» SUPPLIED INFORMATION
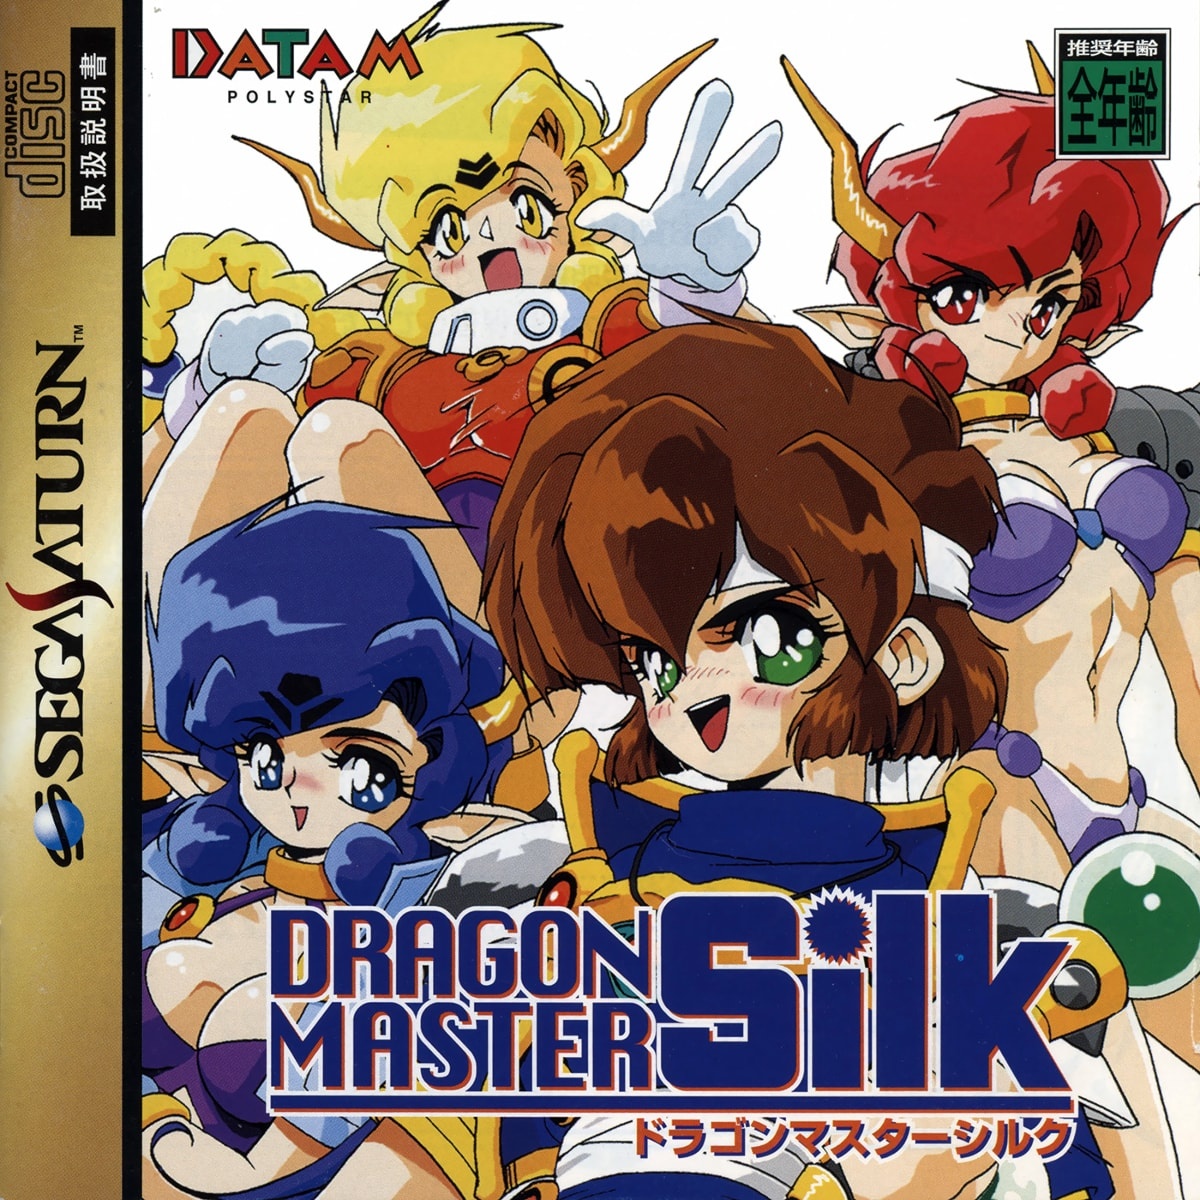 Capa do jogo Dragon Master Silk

==

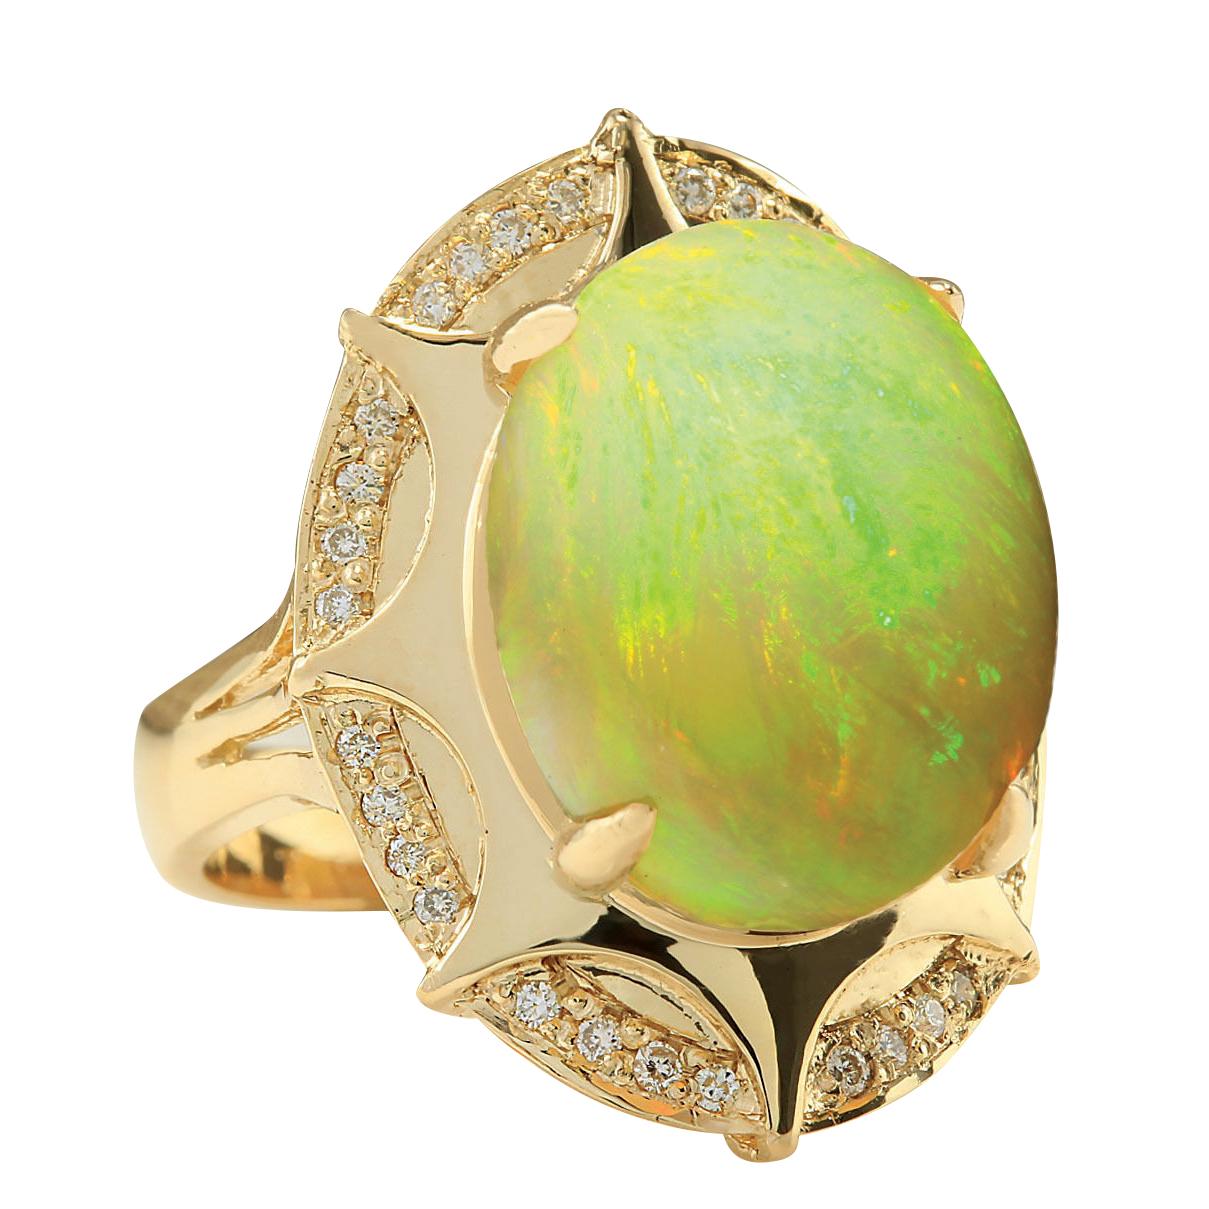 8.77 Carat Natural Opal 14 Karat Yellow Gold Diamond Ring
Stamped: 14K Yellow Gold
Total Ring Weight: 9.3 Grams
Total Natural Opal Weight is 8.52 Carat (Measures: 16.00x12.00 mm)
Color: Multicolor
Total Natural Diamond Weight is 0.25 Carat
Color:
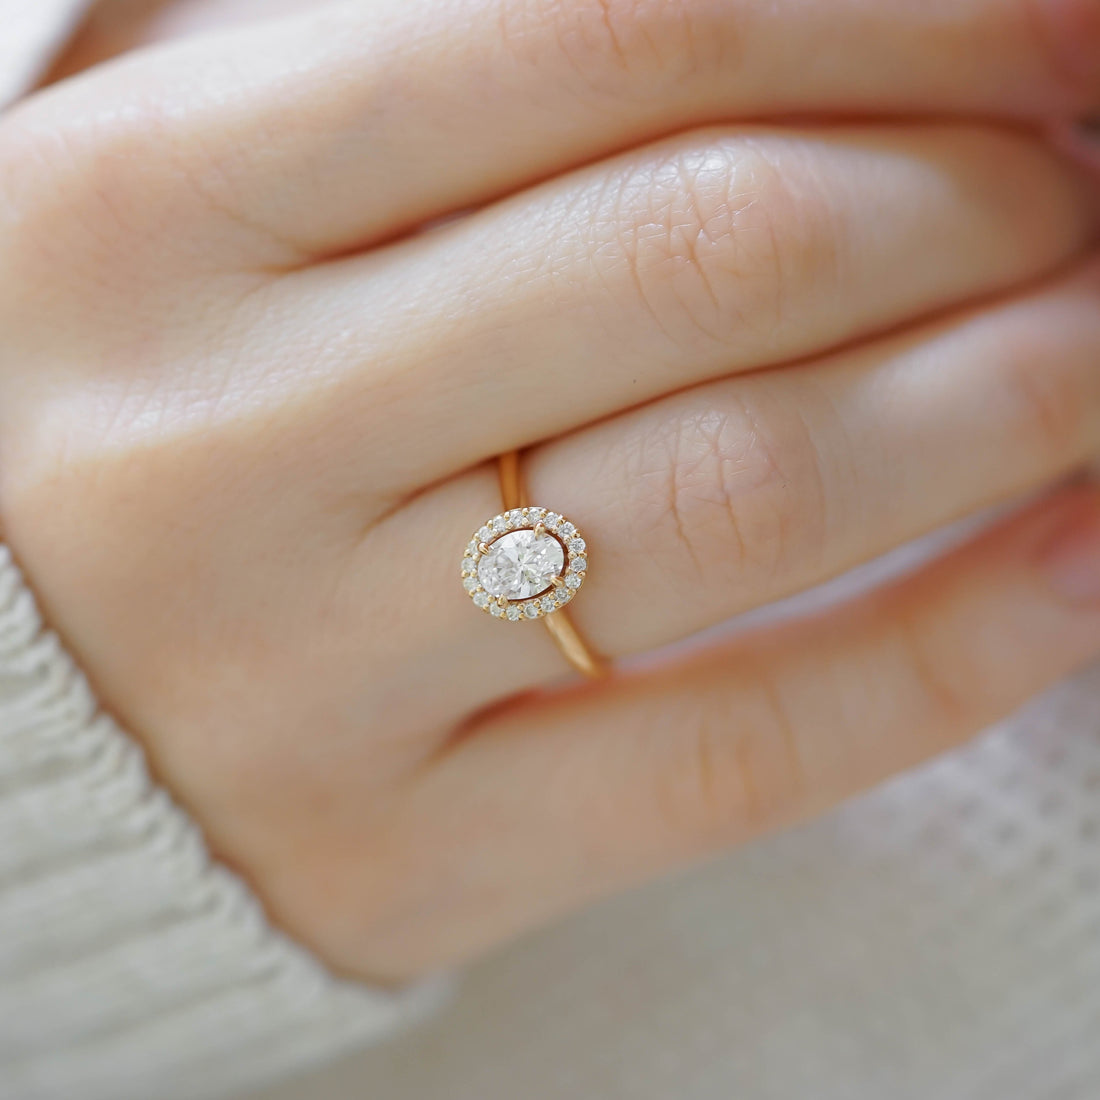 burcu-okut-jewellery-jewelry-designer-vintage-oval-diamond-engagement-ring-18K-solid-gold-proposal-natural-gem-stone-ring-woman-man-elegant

» YOUR GOAL
What lines in the material include the string "Weight"? Pull each one out.

» FINISHED EXERCISE
Total Ring Weight: 9.3 Grams
Total Natural Opal Weight is 8.52 Carat (Measures: 16.00x12.00 mm)
Total Natural Diamond Weight is 0.25 Carat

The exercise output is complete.